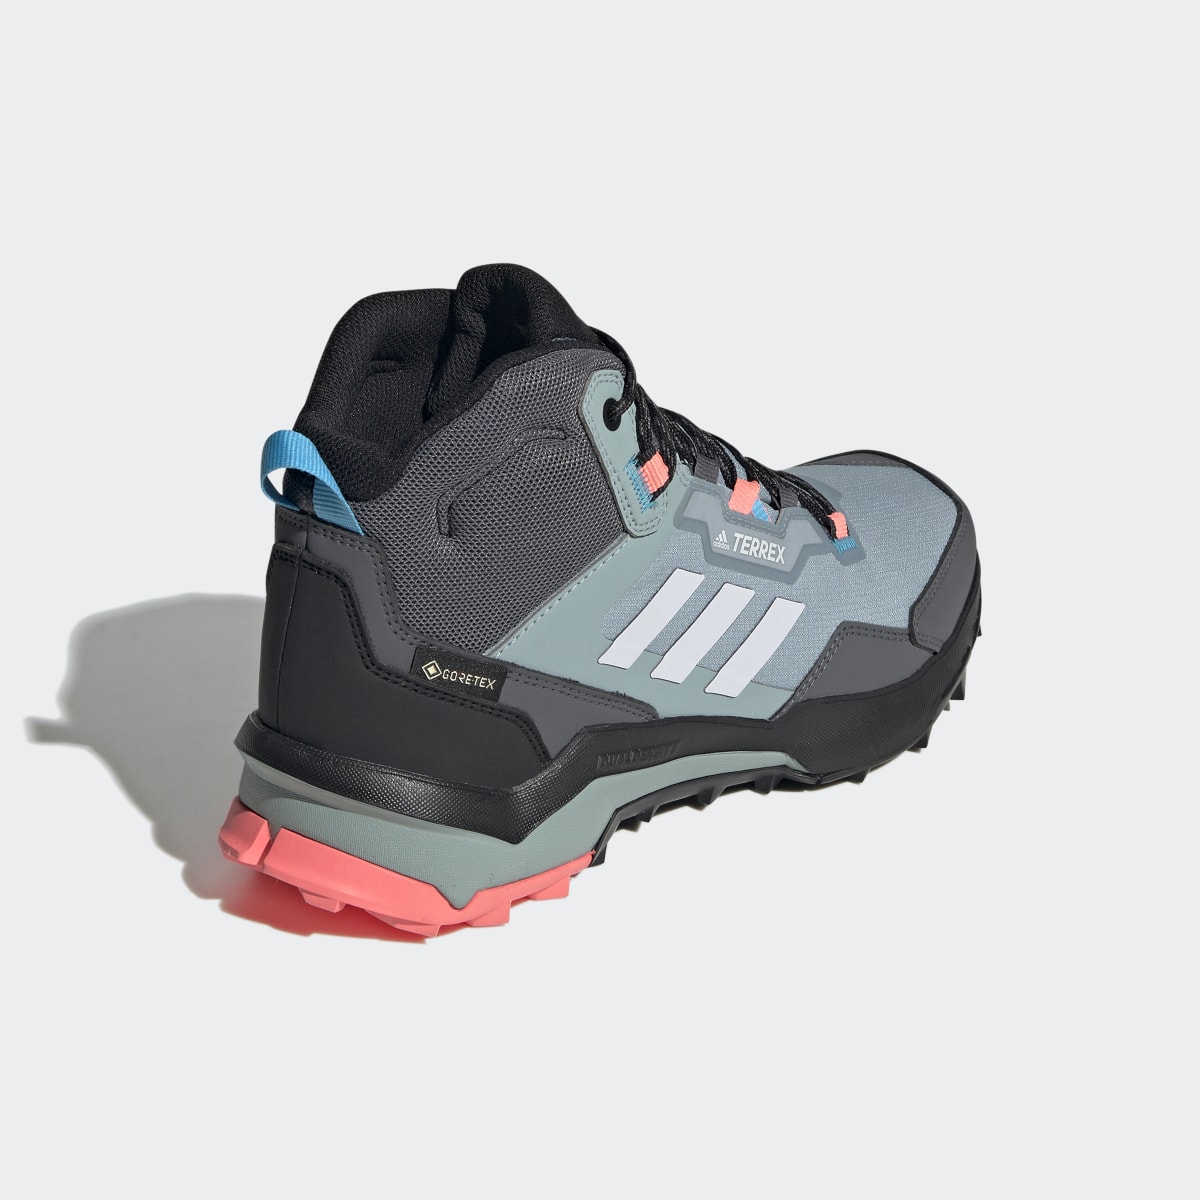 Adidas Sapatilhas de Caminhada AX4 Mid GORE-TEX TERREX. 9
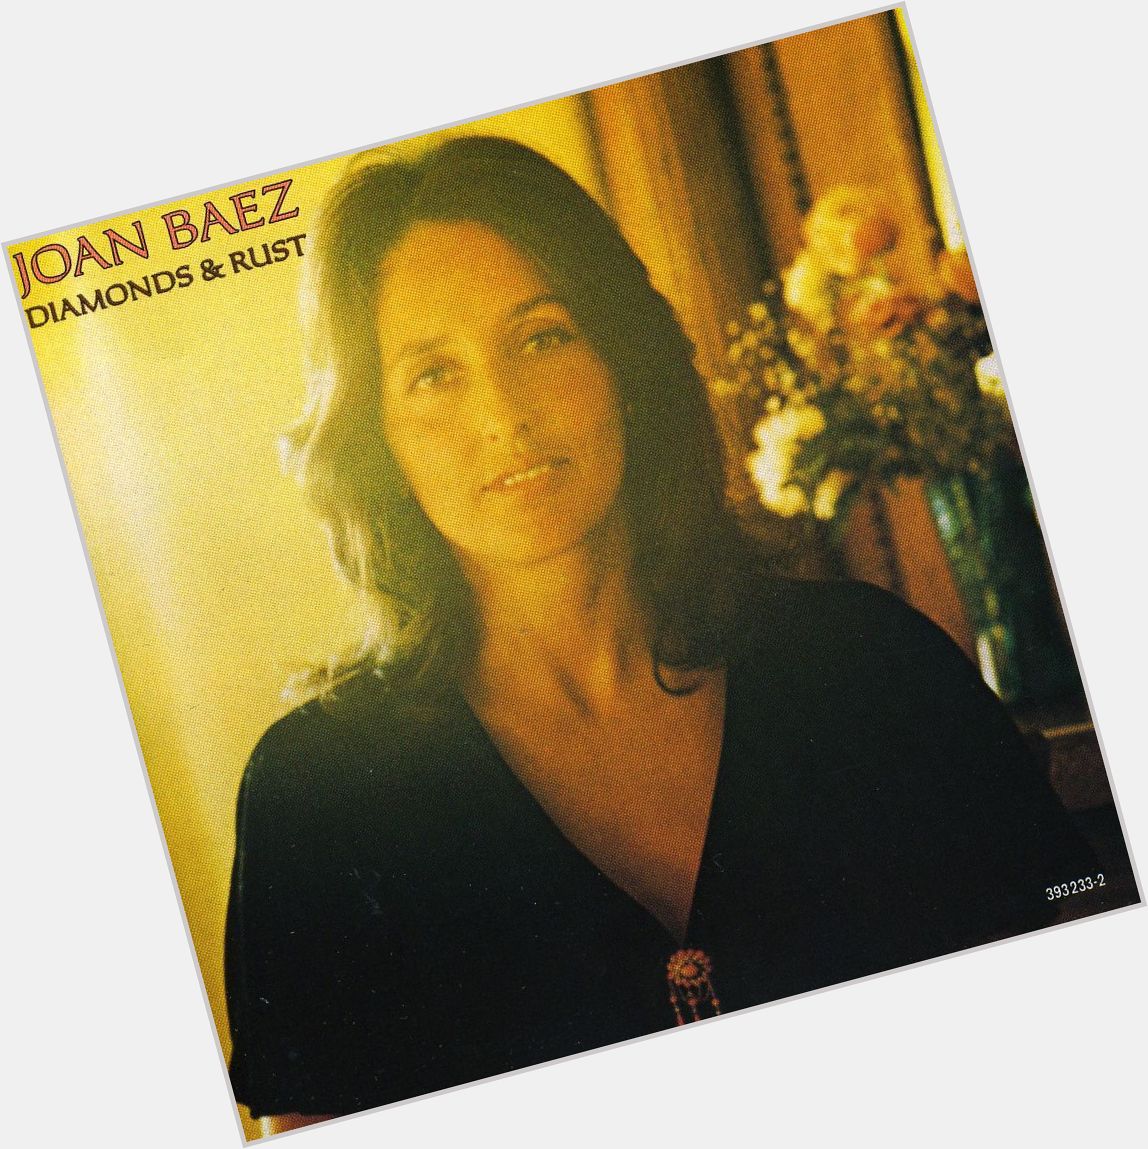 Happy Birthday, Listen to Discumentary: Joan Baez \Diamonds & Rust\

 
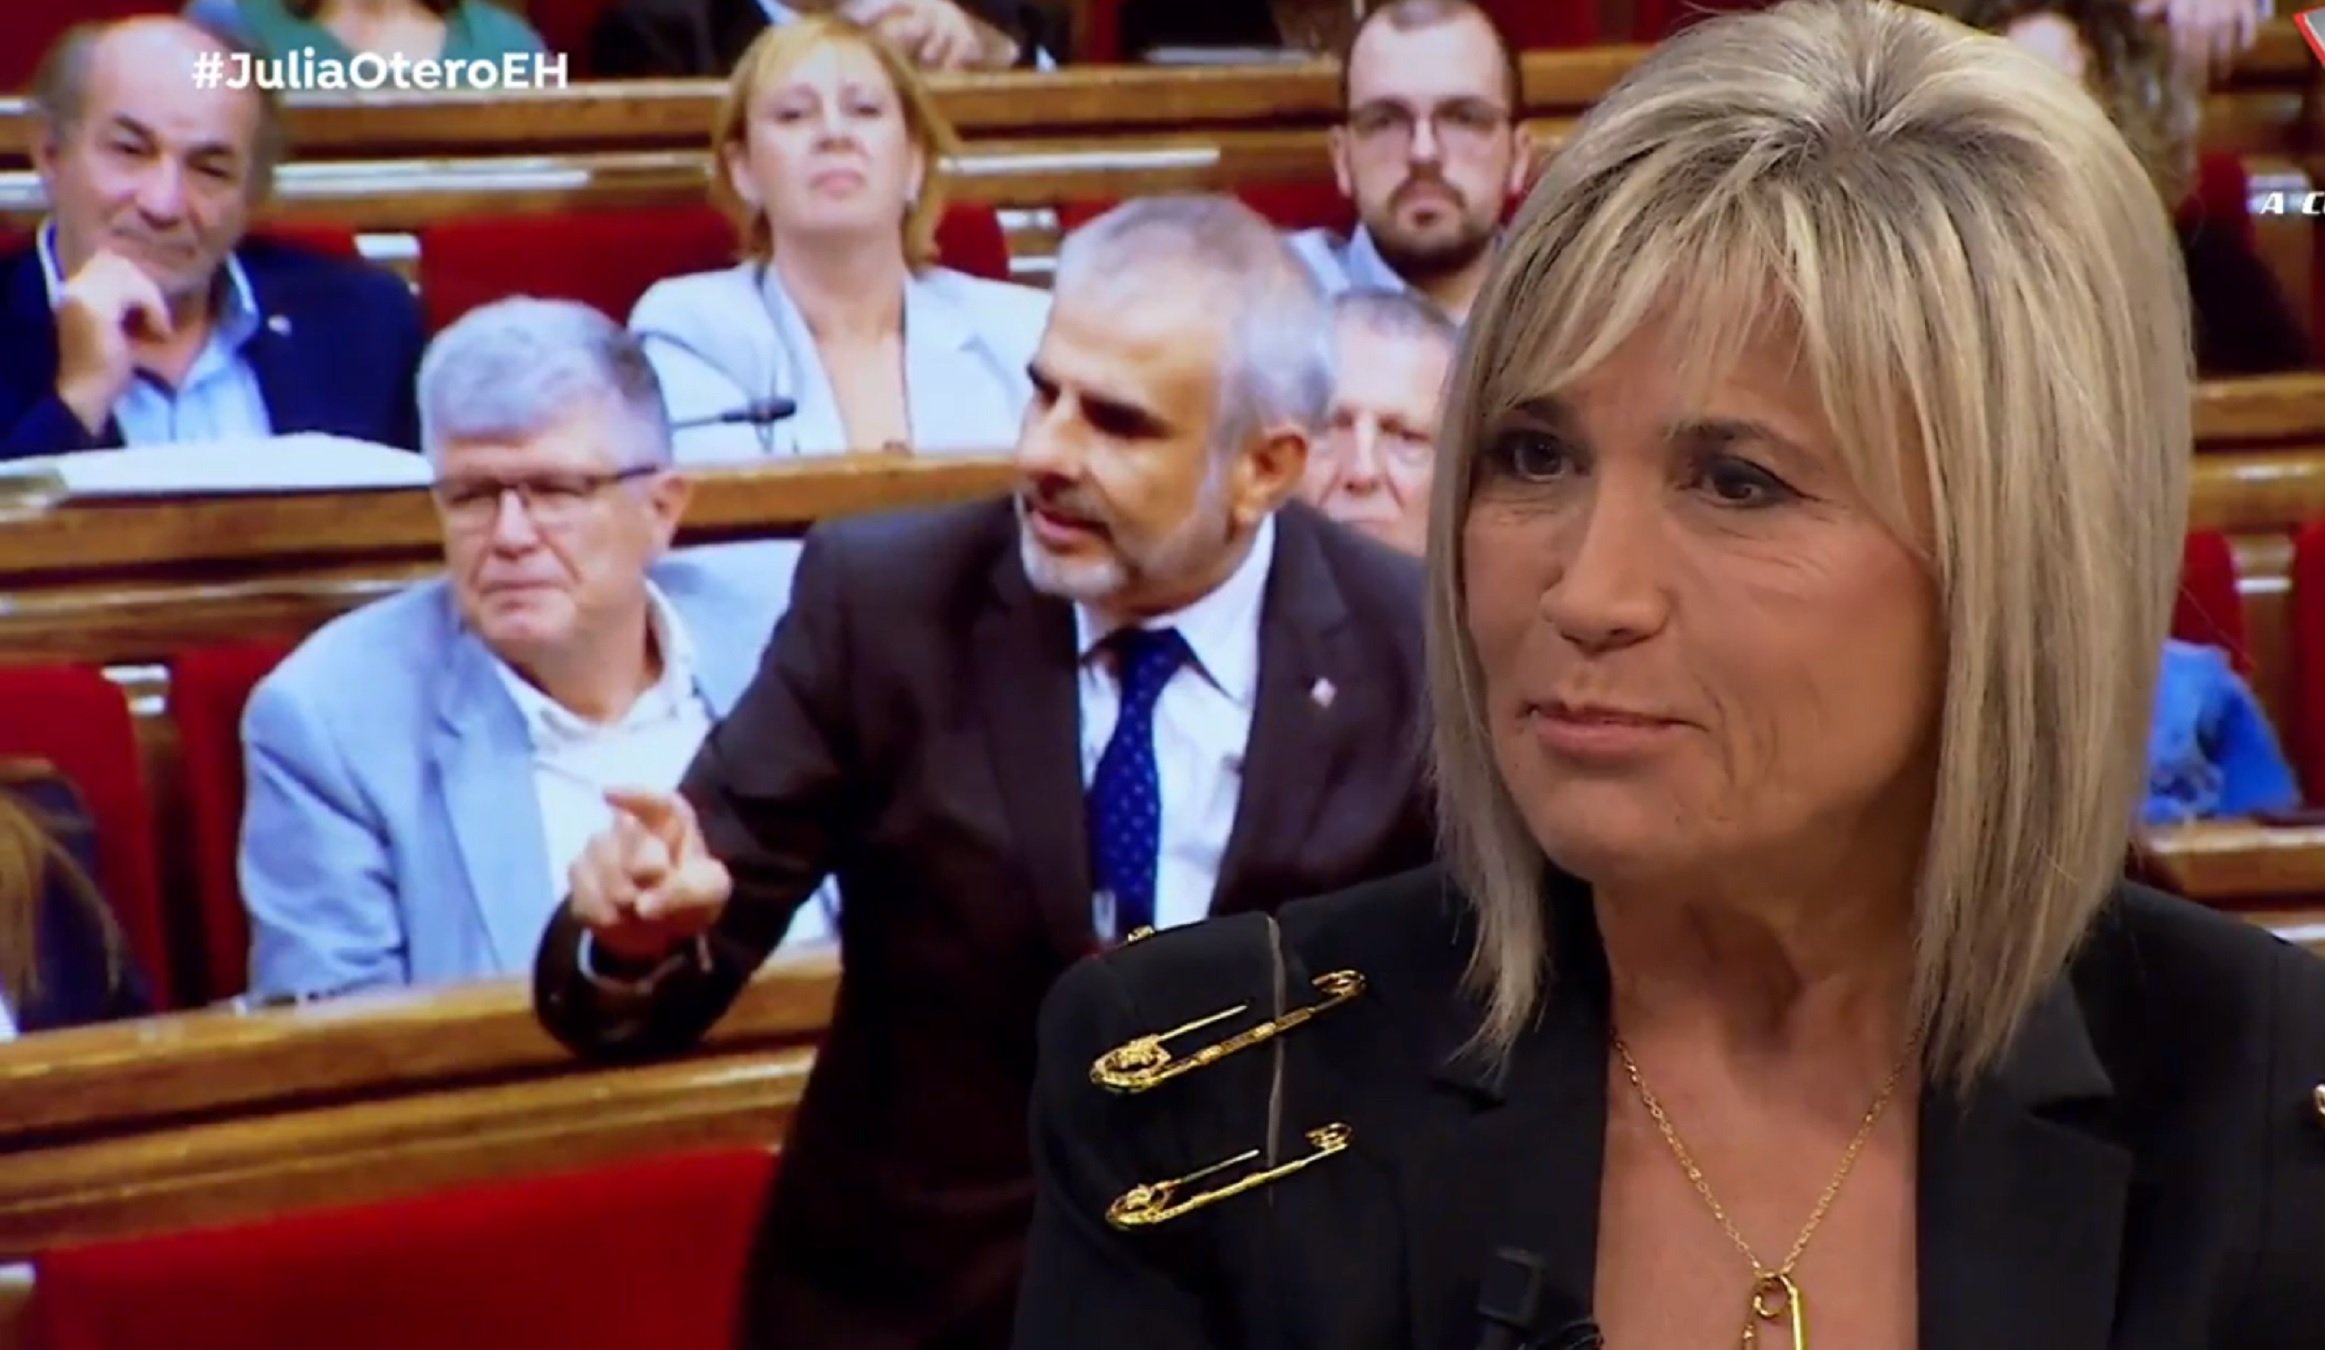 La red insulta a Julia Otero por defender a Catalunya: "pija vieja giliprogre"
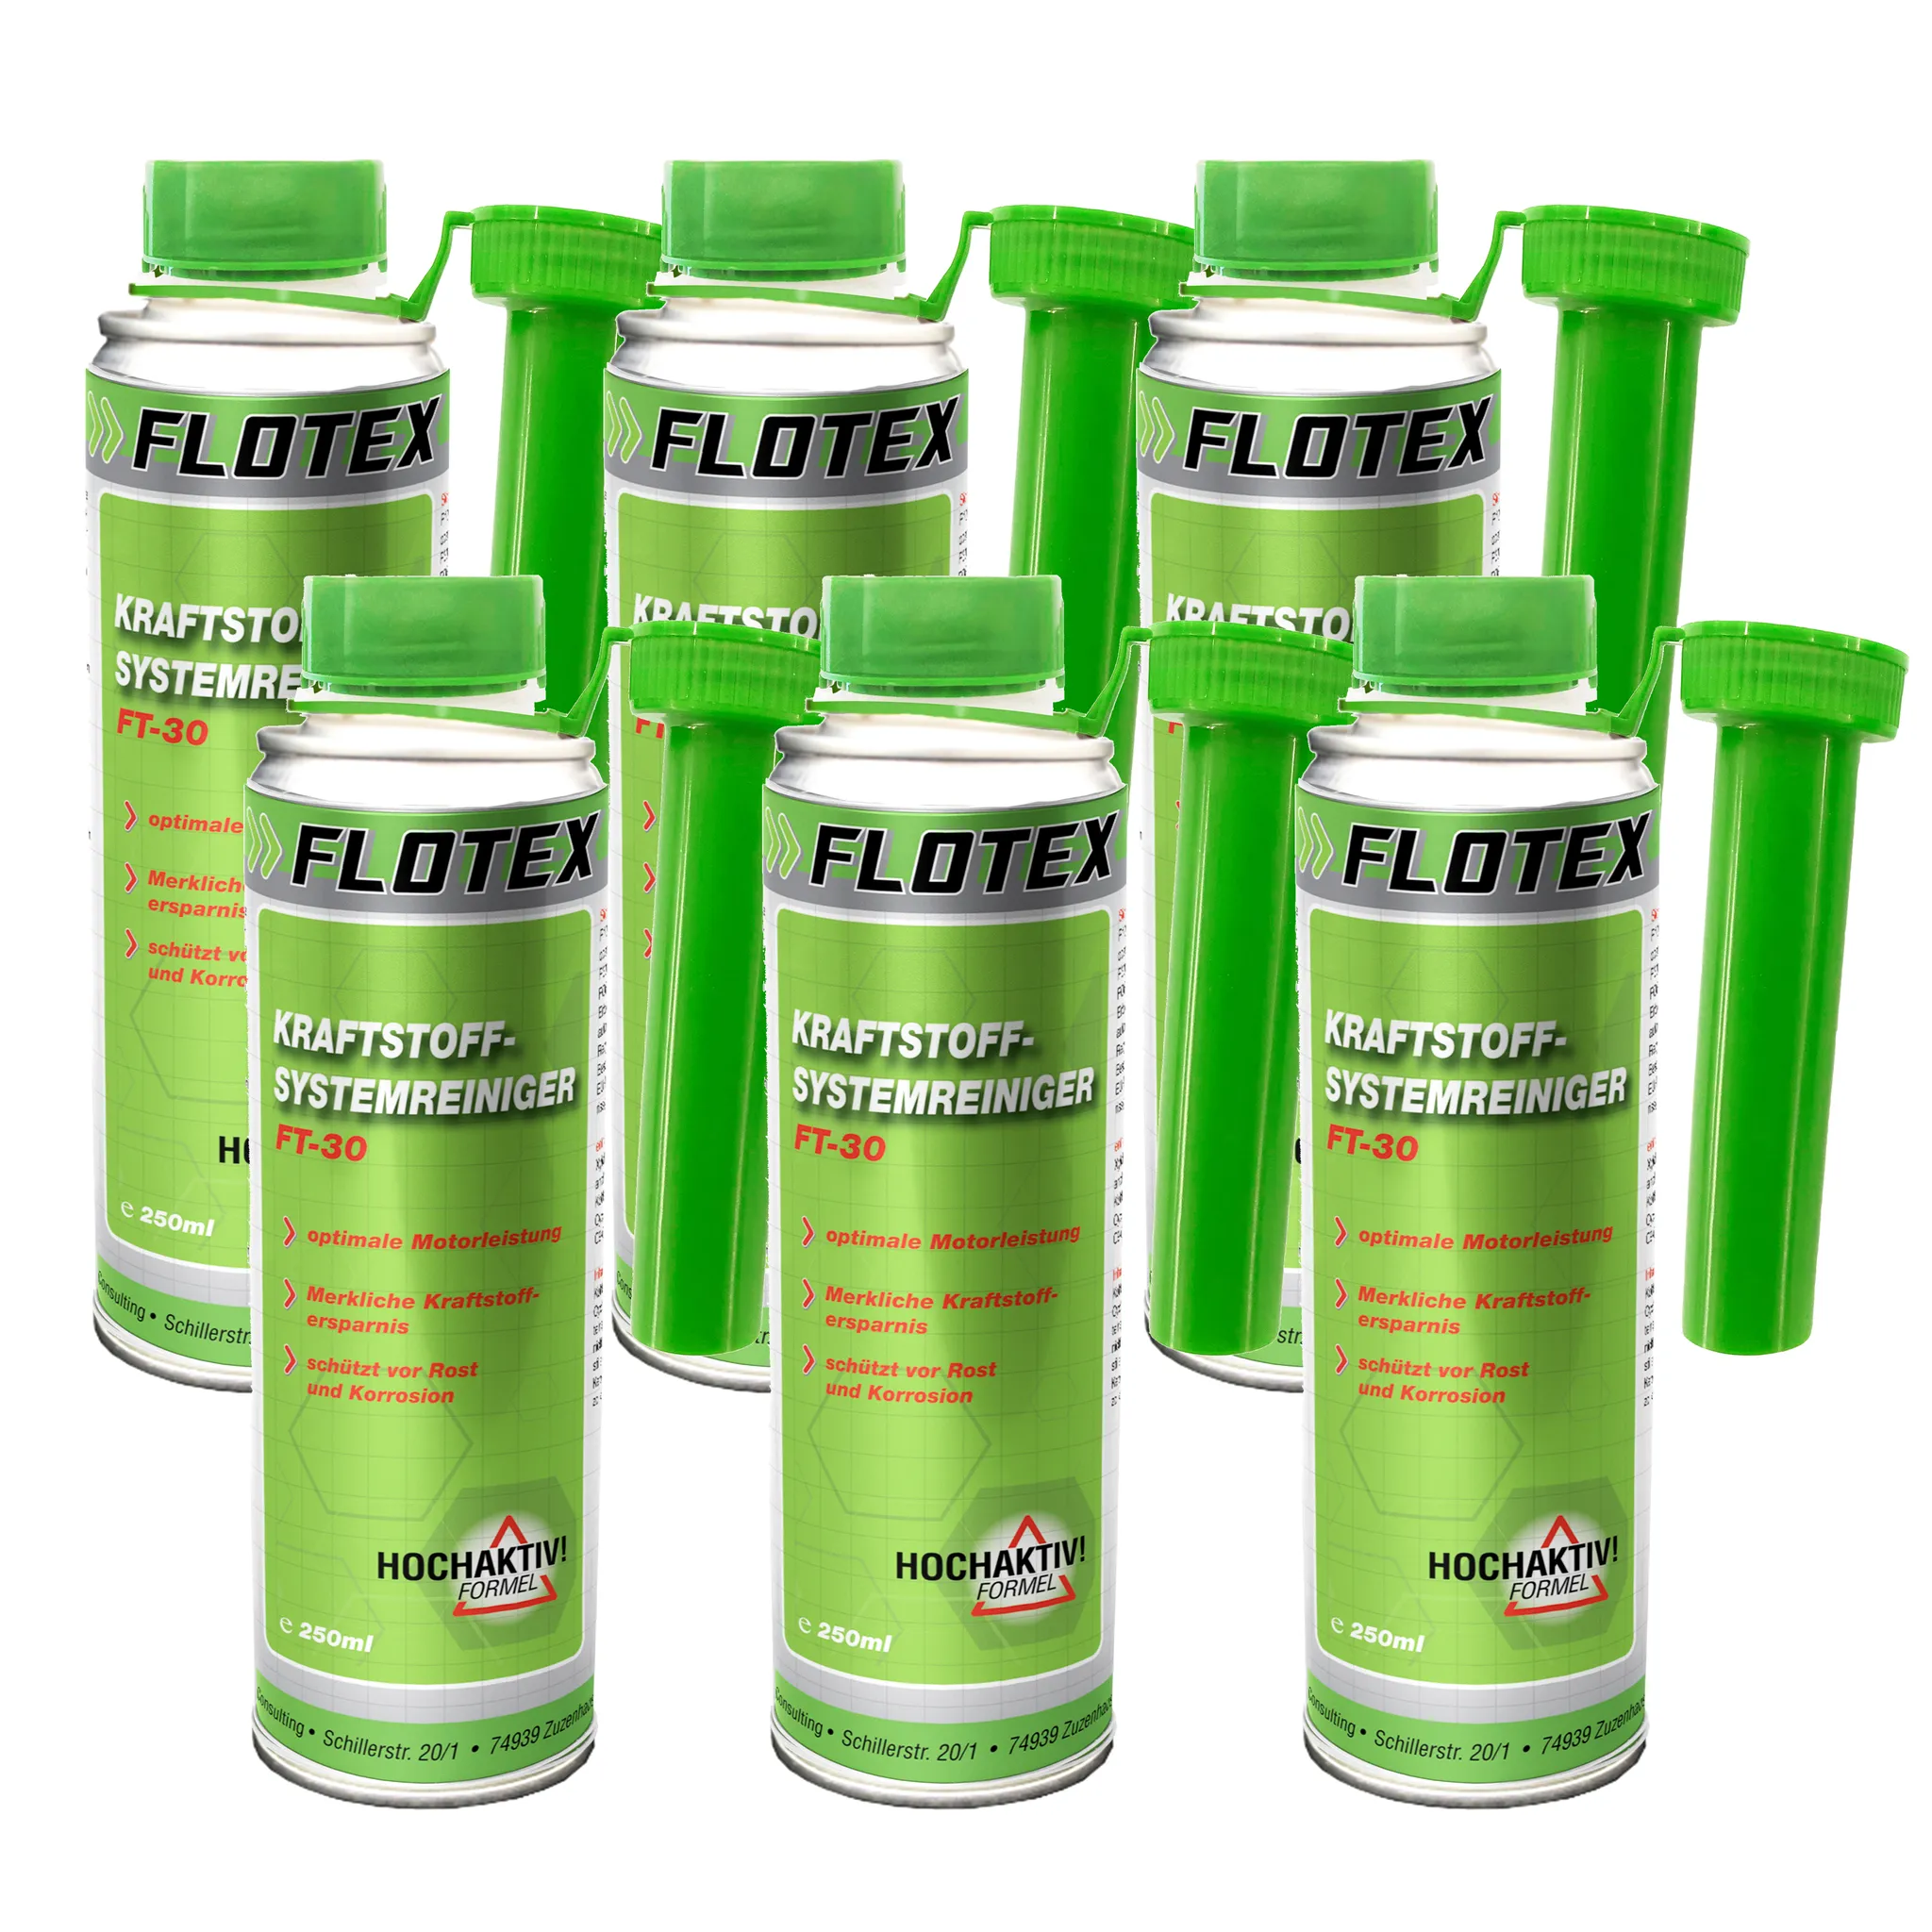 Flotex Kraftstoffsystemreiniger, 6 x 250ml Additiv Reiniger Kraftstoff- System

------------------------------

→ Exercise goal: Drop every image, please, and write out the data above exactly as shown.

→ Task solution:
 Adidas Sapatilhas de Caminhada AX4 Mid GORE-TEX TERREX. 9
 Happy Birthday, Listen to Discumentary: Joan Baez \Diamonds & Rust\

 
 La red insulta a Julia Otero por defender a Catalunya: "pija vieja giliprogre"
 Flotex Kraftstoffsystemreiniger, 6 x 250ml Additiv Reiniger Kraftstoff- System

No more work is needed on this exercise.